Viren Bhagat

My Notes: Arrays (CS50)

4/7/2020

Today, it's more about going underneath the hood on programming. Looking at principles of programming, it won't feel magical and we will understand how things work.

Some basic code below from last week -

    #include <cs50.h>
    #include <stdio.h>
    
    int main(void)
    {
        string name = get_string("Whats your name?\n");
        printf("HI\n");
    }

What is main()? It is the main function of the program

printf() is also a function, can take in one input. it is part of stdio library.

stdio is a library, someone elses code. it is a header file in C. It has the prototype of printf().

\n is new line

    clang -o hello hello.c -lcs50
    ./hello
    

Above are commands in the terminal. When you compile your program with clang, it creates a.out file with machine code.

clang -o is a command line argument to rename the output file. lcs is to link in the cs50 library. Using the 'make' command simplifies these commands.

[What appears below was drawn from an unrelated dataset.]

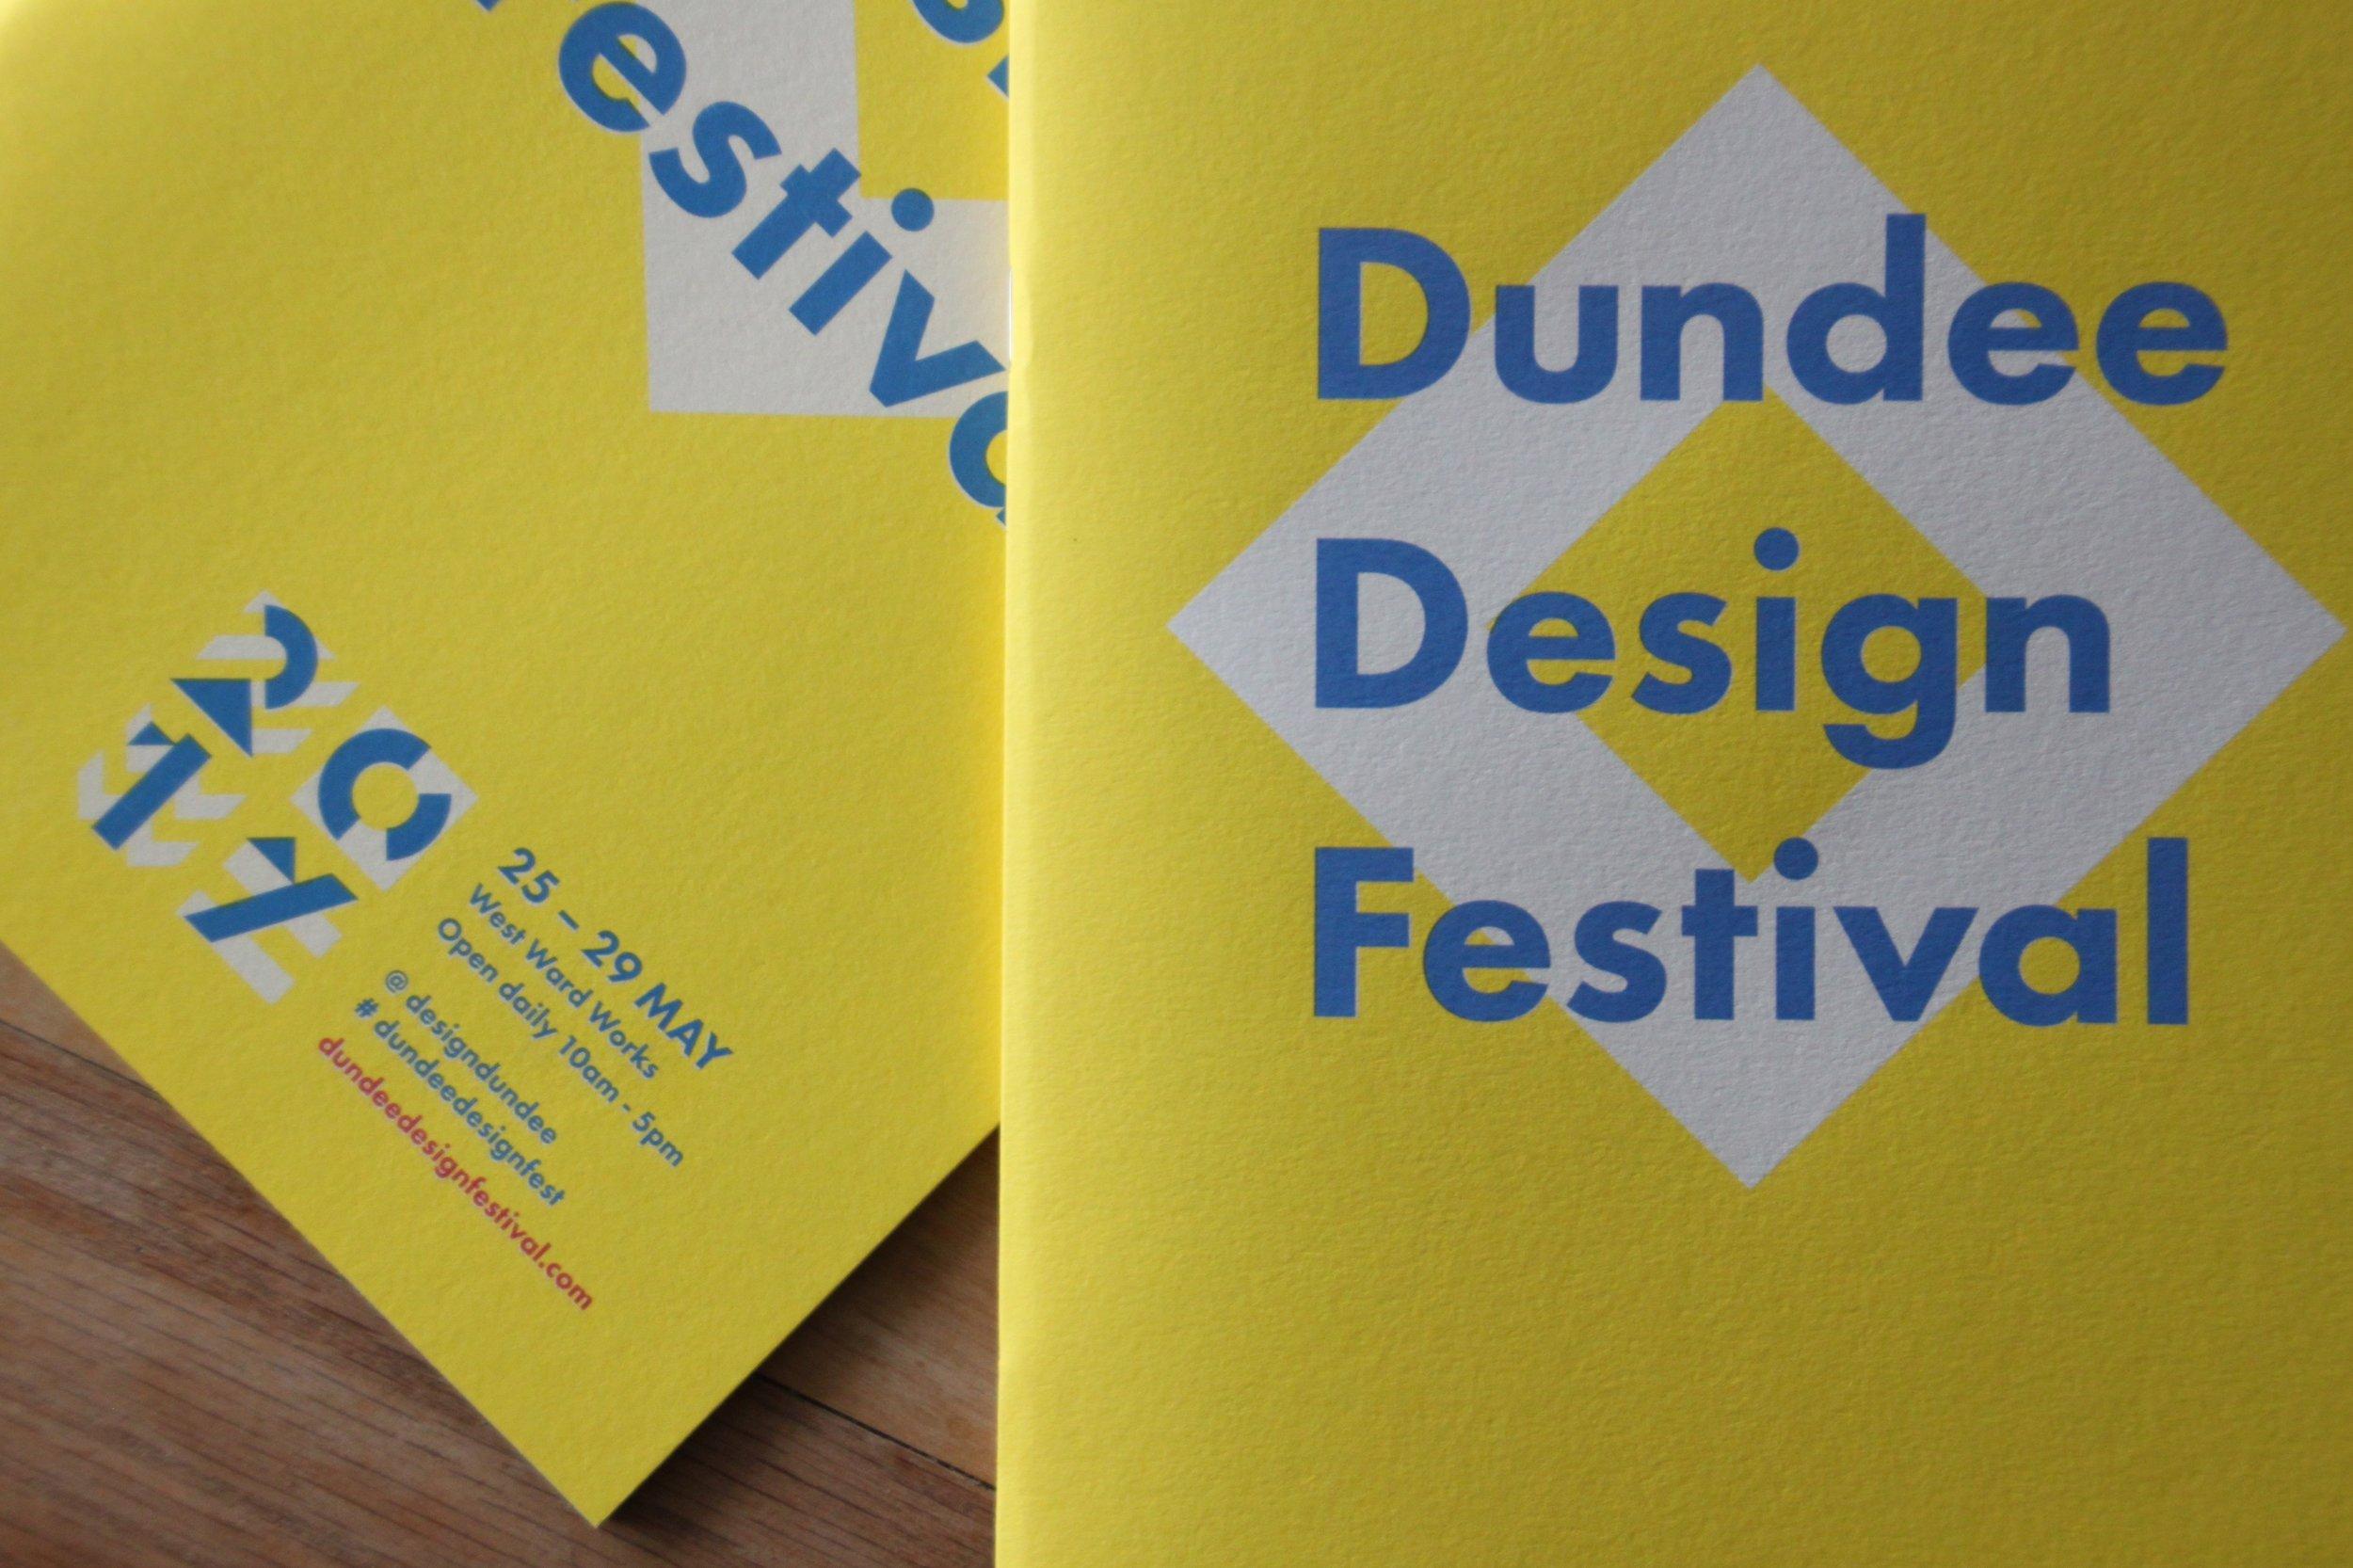 dundee design festival.jpg

Running make or clang commands, there are 4 steps.

1) preprocessing

2) compiling

3) assembling

4) linking

Preprocessing

    ...
    string get_string(string prompt);
    int printf(string format, ...);
    ...
    
    int main(void)
    {
        string name = get_string("Whats your name?\n");
        print("hello, %s\n", name);
    }
    

During preprocessing, when you run clang (or run make command), the '#' lines (library lines), clang takes the relevant lines from the library and copy and pastes into your code. In the above code, we replaced the #include lines and put the functions which are borrowed from those libraries.

Compiling

Assembly Code

C code changes via clang to assembley code. Some words may look familiar. This is closer to what CPU will understand. There are some instructions for the CPU in here (pushq, movq,subq,)...these are things to move around in memory, etc. Its not for us, clang does this for us.

Assembling

Another thing clang does. It makes the assembly code 0s and 1s to machine code.

Linking

All the machine code (from printf, get string, etc.) links up into one file, a.out.

--

Debugging

Bugs are mistakes in programs.

We are now using an IDE instead of the Sandbox from last week. An IDE is an integrated development environment. Essentially, there are a few more tools included in this environment, as opposed to a more basic sandbox. The IDE includes a debugger, which is a very useful tool. A debugger will run your code step by step, see where it goes wrong. There are debugger features in modern browsers (Firefox, Chrome, etc.). You can run through the code step by step, seeing what is changing, local variables (and their values), functions invoked, etc.

If there is a problem with the syntax, most likely the code won't run and you will recieve an error message in the terminal.

Error Message in IDE

CS50 IDE has a few built in commands which help you debug, instead of having to disect those overwhelming error messages.

(Just prefix your commands with these)

  • help50 - Help simplify the error message, something much more readable.
  • check50 - Runs tests on your program to verify that certain things are done or written correctly
  • style50 - Makes sure syntax is proper, the computer can still run it as it is valid code but it will suggest styling things to make the code more readable (like indenting, etc.)
  • debug50

Most programming languages will have 'style guides' -- how to make your code more readable, this is opinionated though.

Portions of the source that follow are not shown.